A potential buying opportunity?

The stock market in the US has been in a massive uptrend since the 20th of March this year. It is important to mention that we initially saw a huge correction all across the globe caused by the coronavirus outbreak where the market made a huge sell-off between the 20th of February and the 2nd part of March. In fact, the market lost on average around 35-40% of its value in 4 weeks caused by fear among investors that the deadly virus will lead to an economic slowdown and a big correction on the stock market. Well, it happened. The biggest companies out there, such as Apple, Facebook, Google, Netflix, Amazon etc. lost a big portion of their market value in only 3-4 weeks – a correction that we hadn’t seen for a long time. Even during the financial crisis the market the market took longer to lose 50% of its value between 2008 and 2009. The biggest losers when the pandemic of coronavirus started were airline companies. Delta and American Airlines for example are the biggest US airline companies. They lost around 70% of their market value in 3 weeks as countries and airports were closed, flights were cancelled and practically there was no business for the airlines. That was terrible for engine producers, such as Boeing as well and caused a massive reduction and a huge impact on their revenues and profits.

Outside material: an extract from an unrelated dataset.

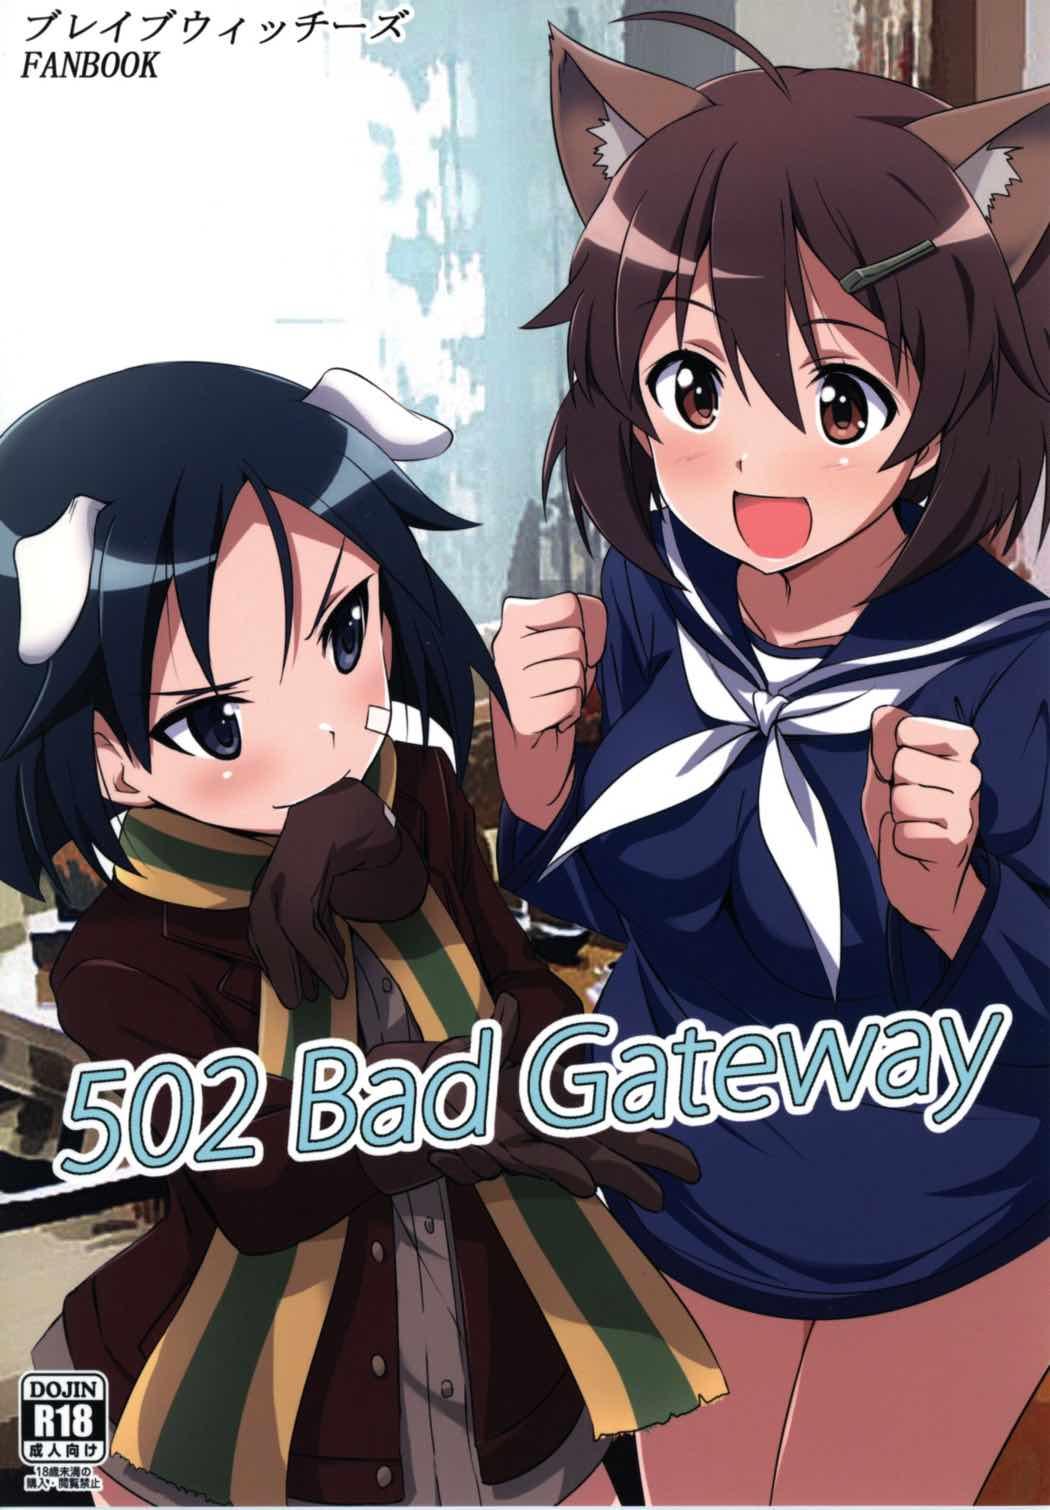 Lick 502 Bad Gateway - Brave witches Porn - Page 1

Yet, for those who didn’t have any stake on the stock market that correction was more than welcomed. In other words, the huge sell-off that caused the market to drop 35-40% in only a month was extremely favourable for intelligent investors who saw that as a great opportunity where they could buy their favourite stocks at a massive discount. So, the sell-off was over on the 20th of March and the market has been in a huge rally ever since. We have seen a huge appreciation all across the board where many of the leading companies out there have kept on reaching new all-time highs and breaking new records on the way up.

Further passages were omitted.